[Data Boundary: Start]

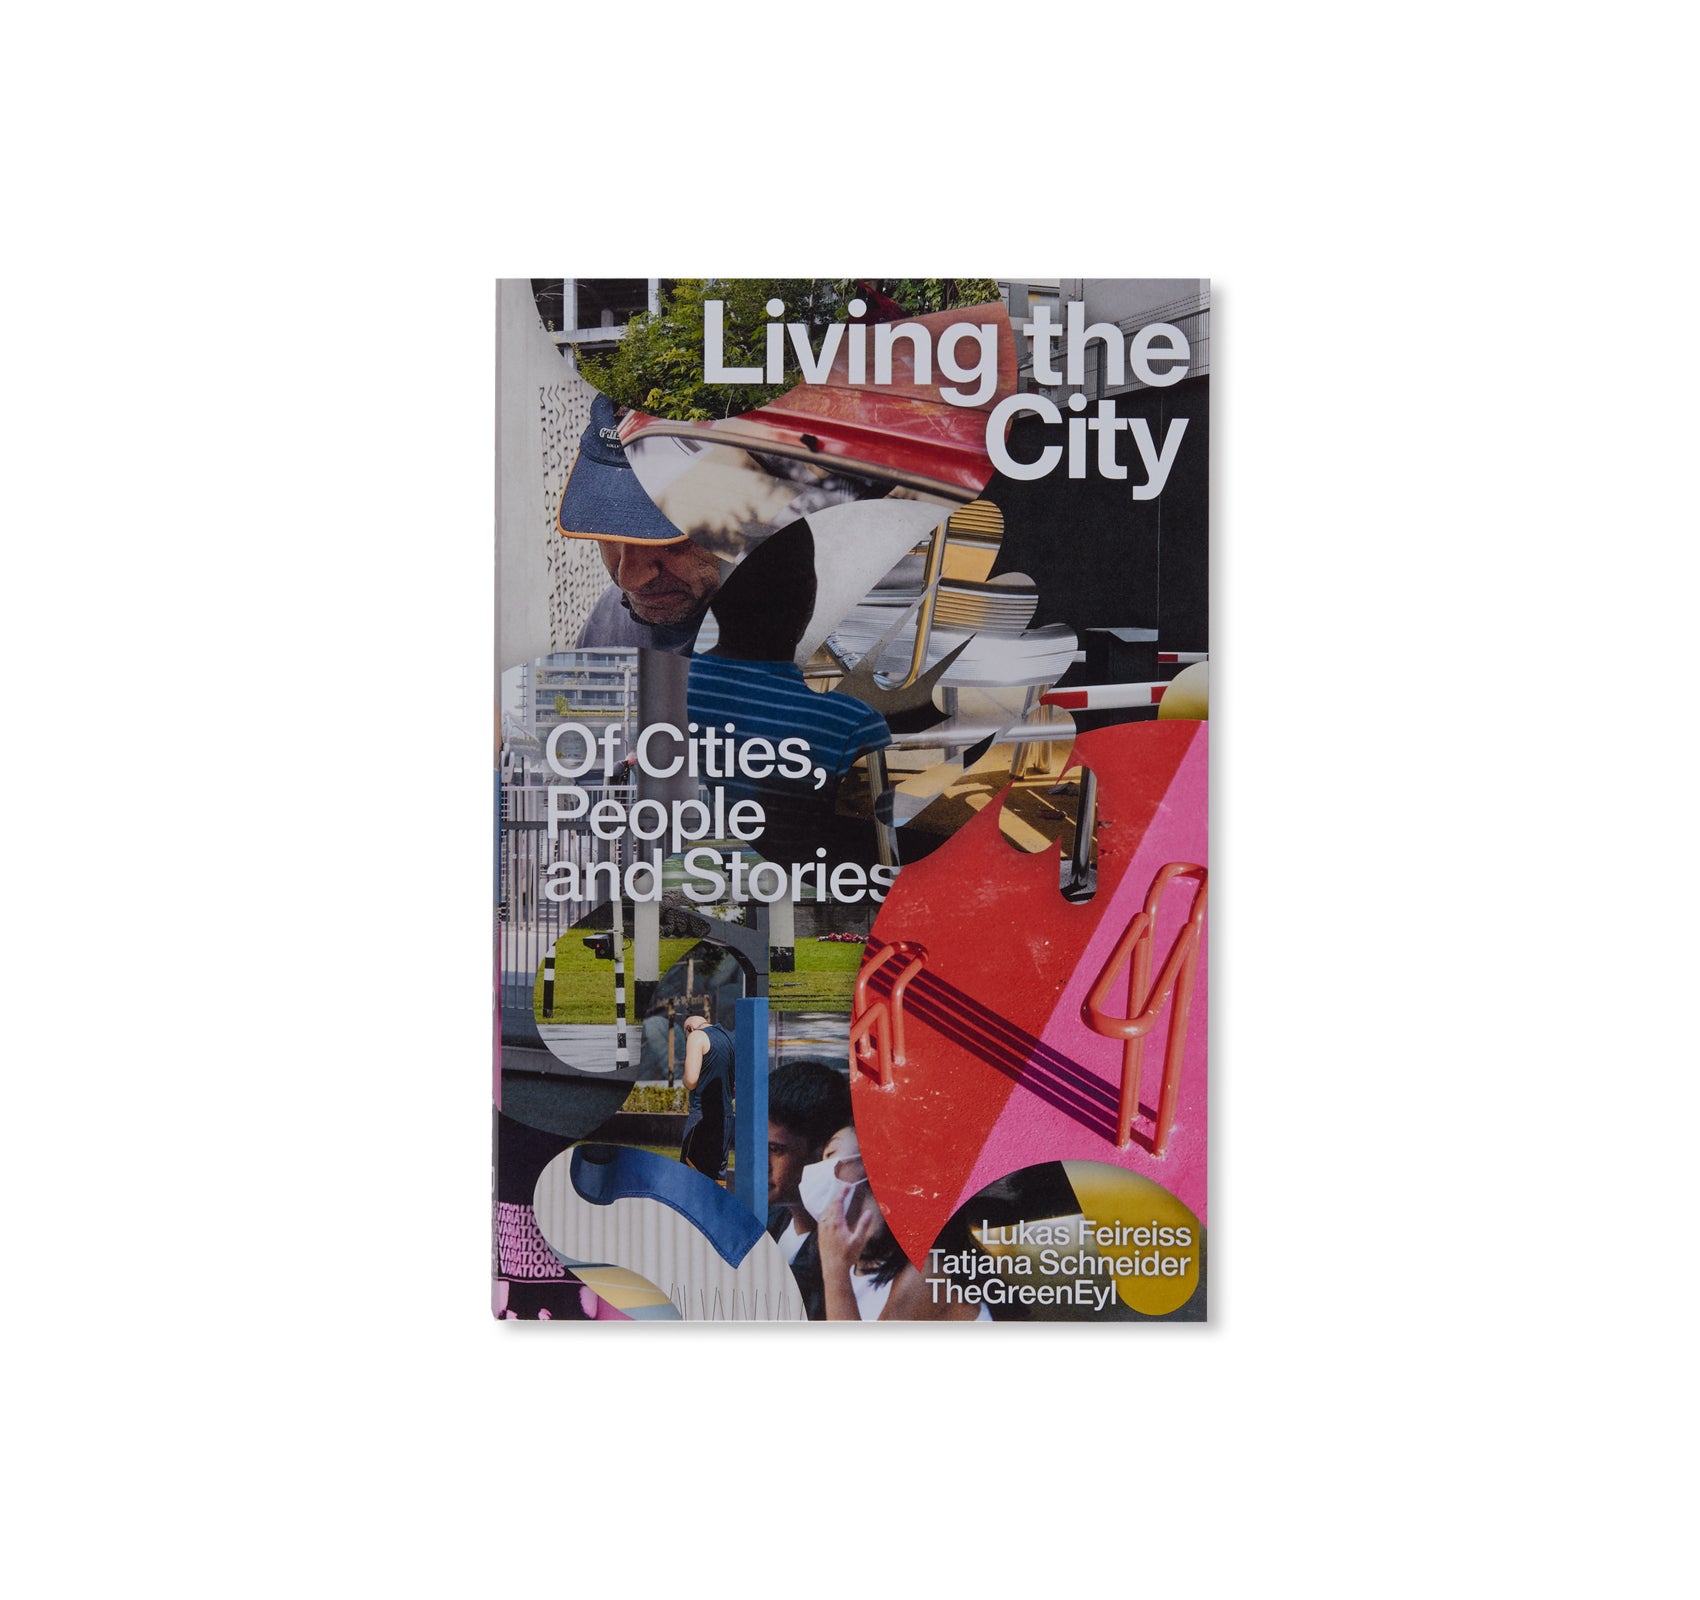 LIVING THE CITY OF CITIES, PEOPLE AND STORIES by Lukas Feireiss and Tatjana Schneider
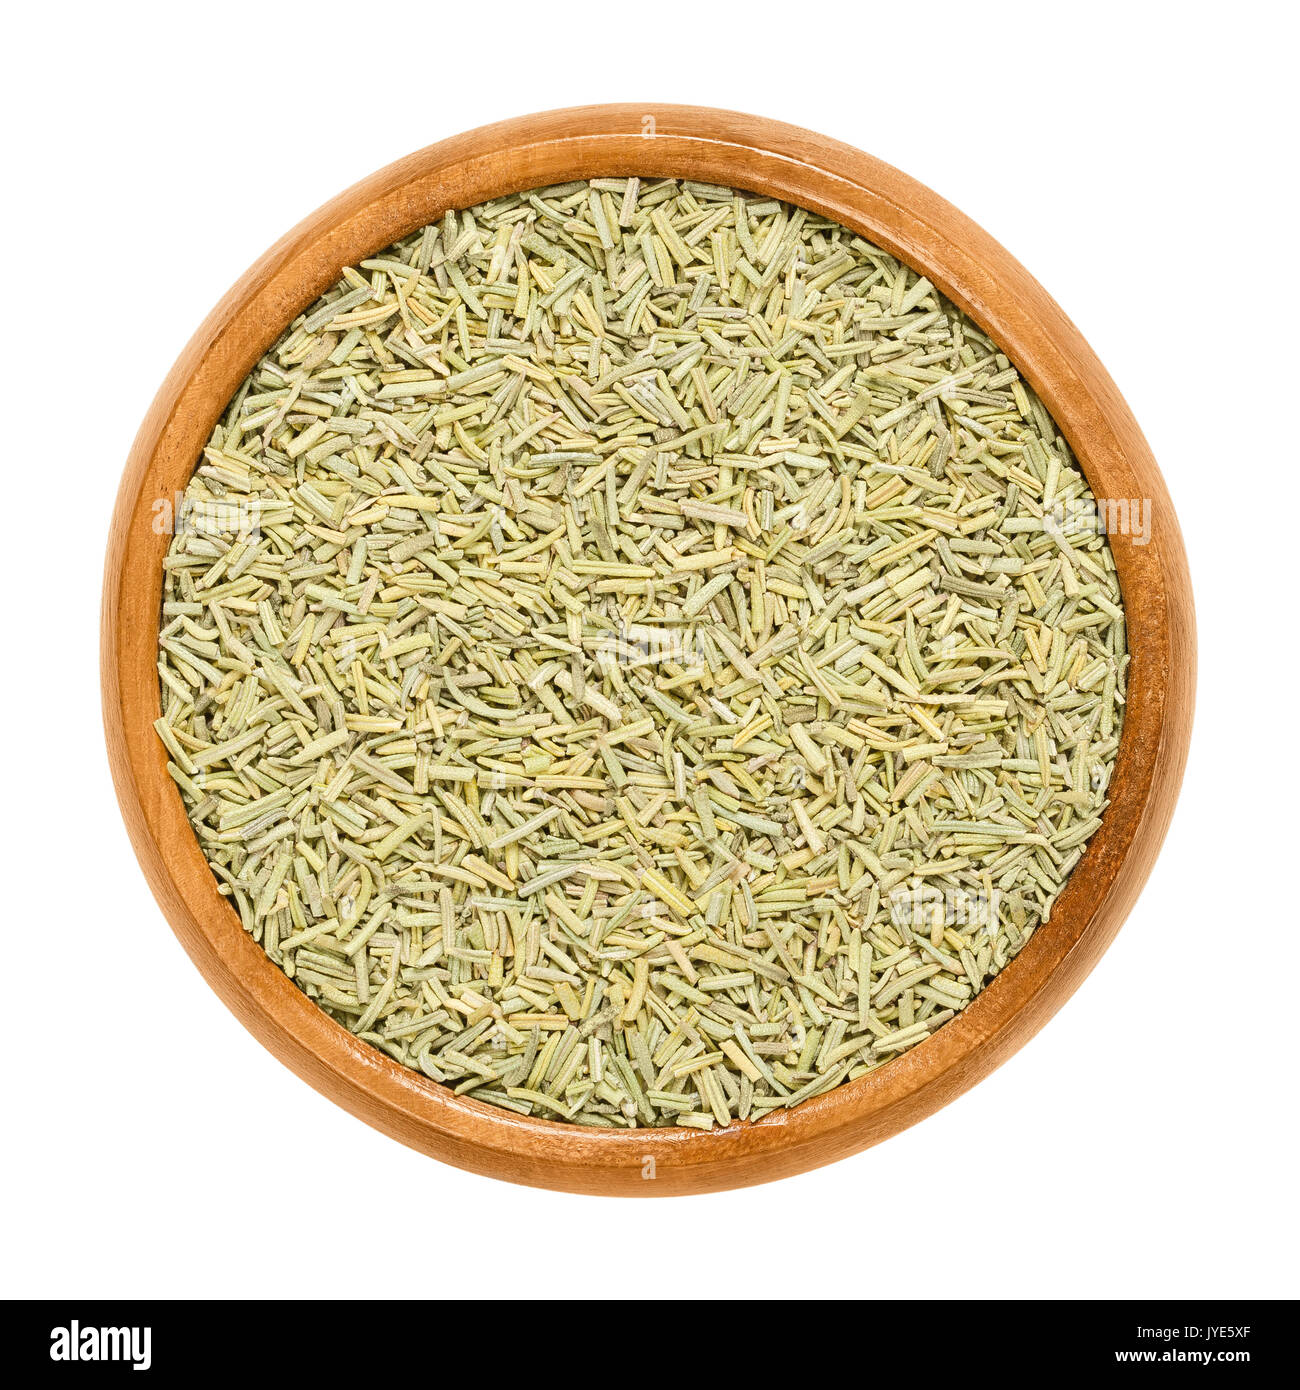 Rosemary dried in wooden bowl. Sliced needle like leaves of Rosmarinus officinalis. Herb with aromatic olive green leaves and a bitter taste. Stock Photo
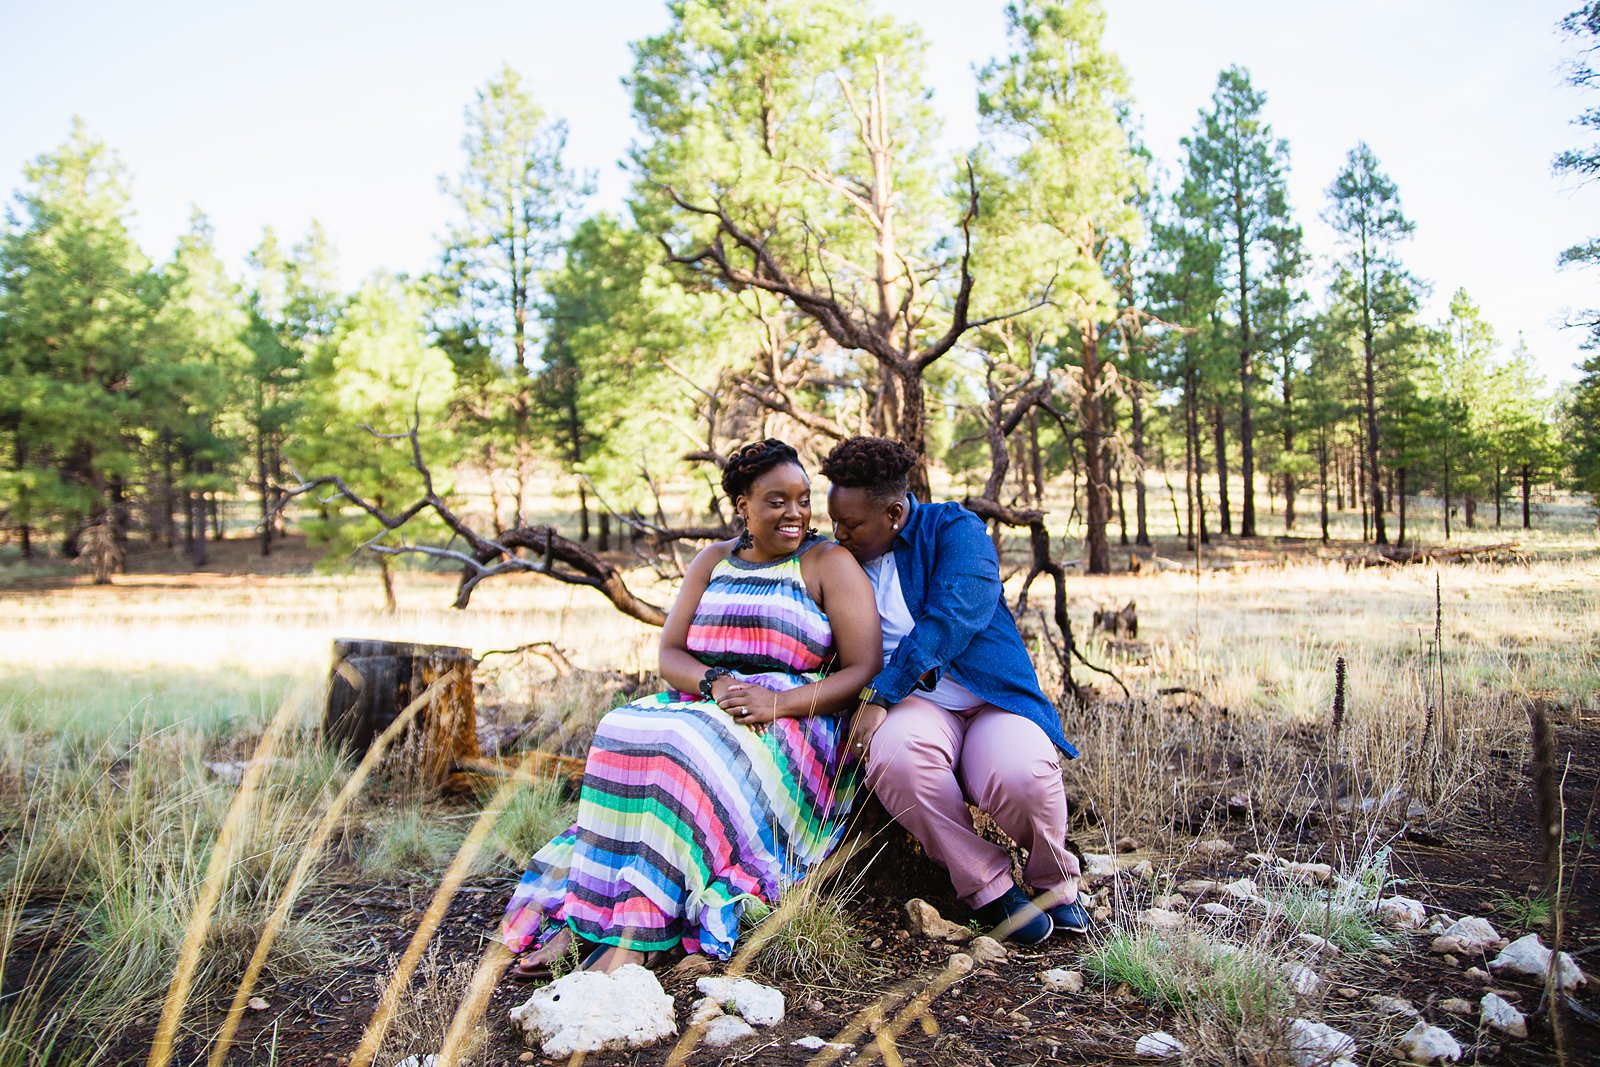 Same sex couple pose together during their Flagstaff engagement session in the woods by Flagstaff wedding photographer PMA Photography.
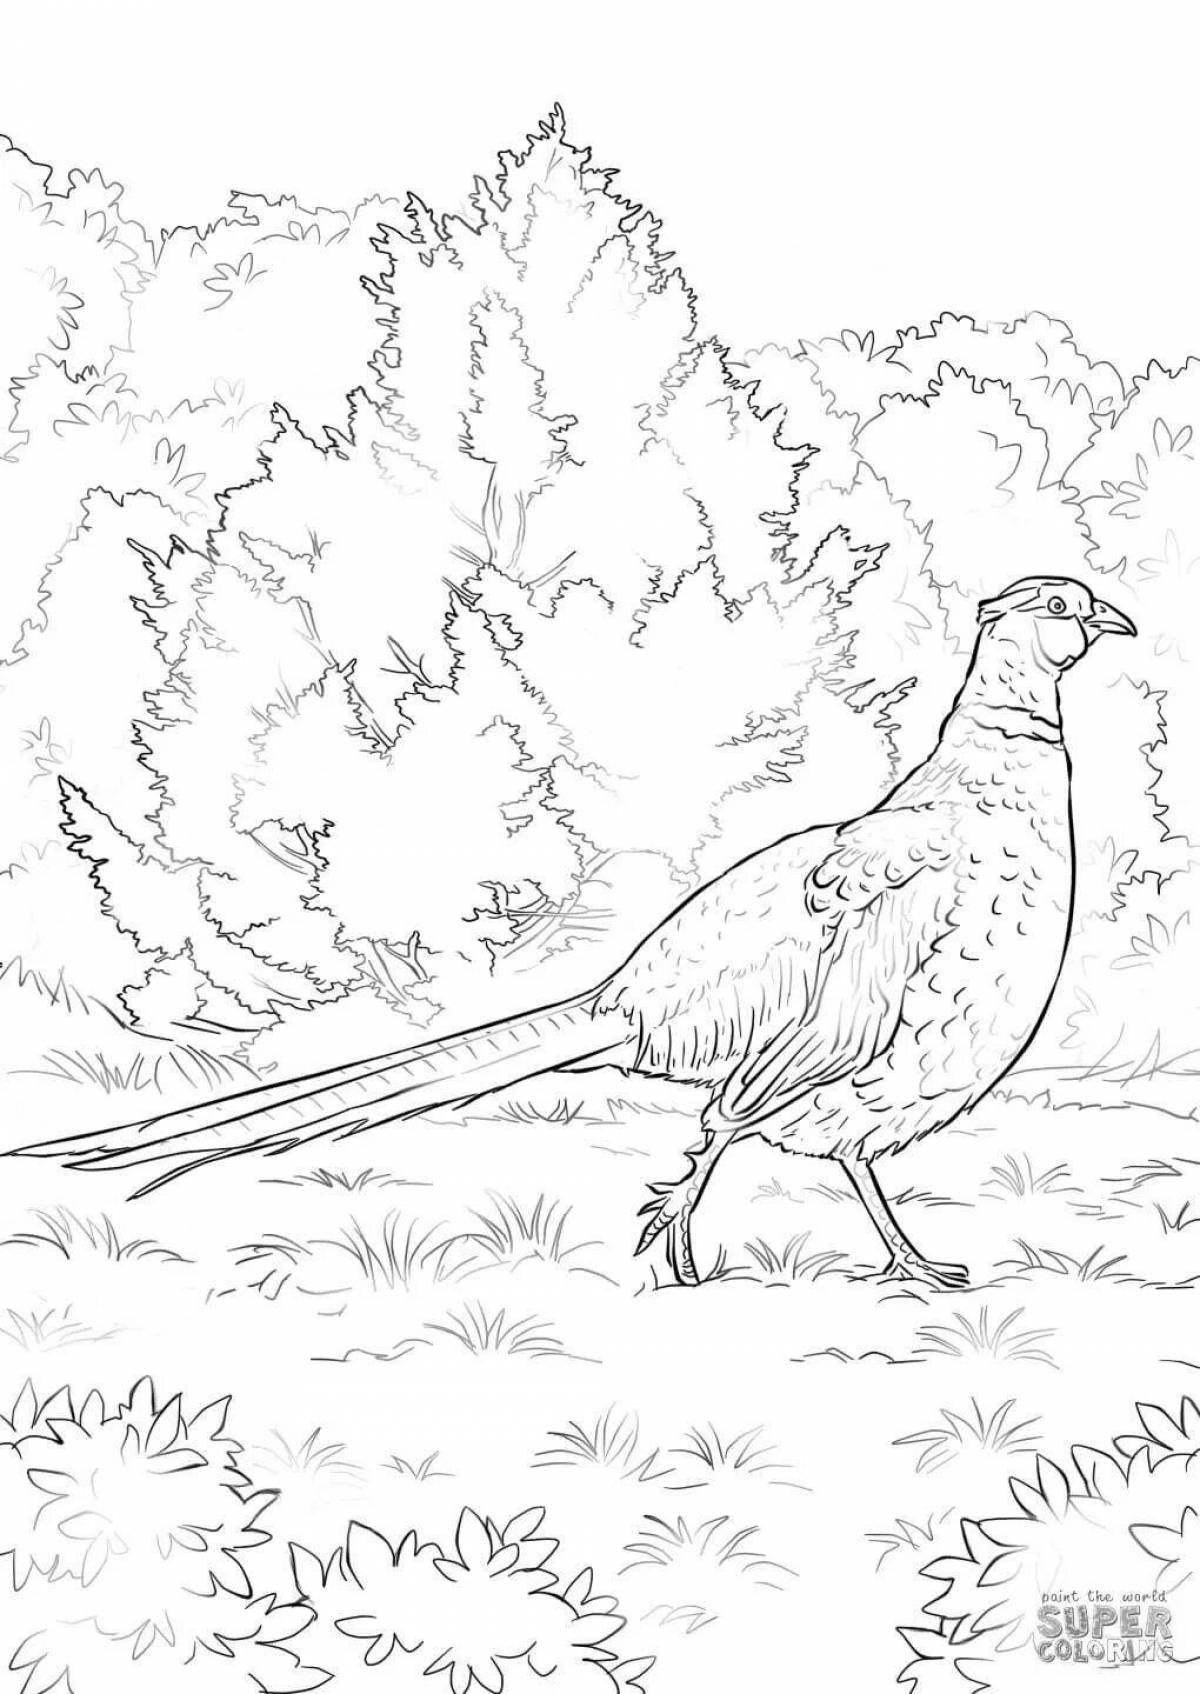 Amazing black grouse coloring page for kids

[Data Boundary: End]

--- Activity ---
Without any of the pictures, reproduce the listing above exactly.

--- The completed task ---
 LIVING THE CITY OF CITIES, PEOPLE AND STORIES by Lukas Feireiss and Tatjana Schneider
 Rosemary dried in wooden bowl. Sliced needle like leaves of Rosmarinus officinalis. Herb with aromatic olive green leaves and a bitter taste. Stock Photo
 Same sex couple pose together during their Flagstaff engagement session in the woods by Flagstaff wedding photographer PMA Photography.
 Amazing black grouse coloring page for kids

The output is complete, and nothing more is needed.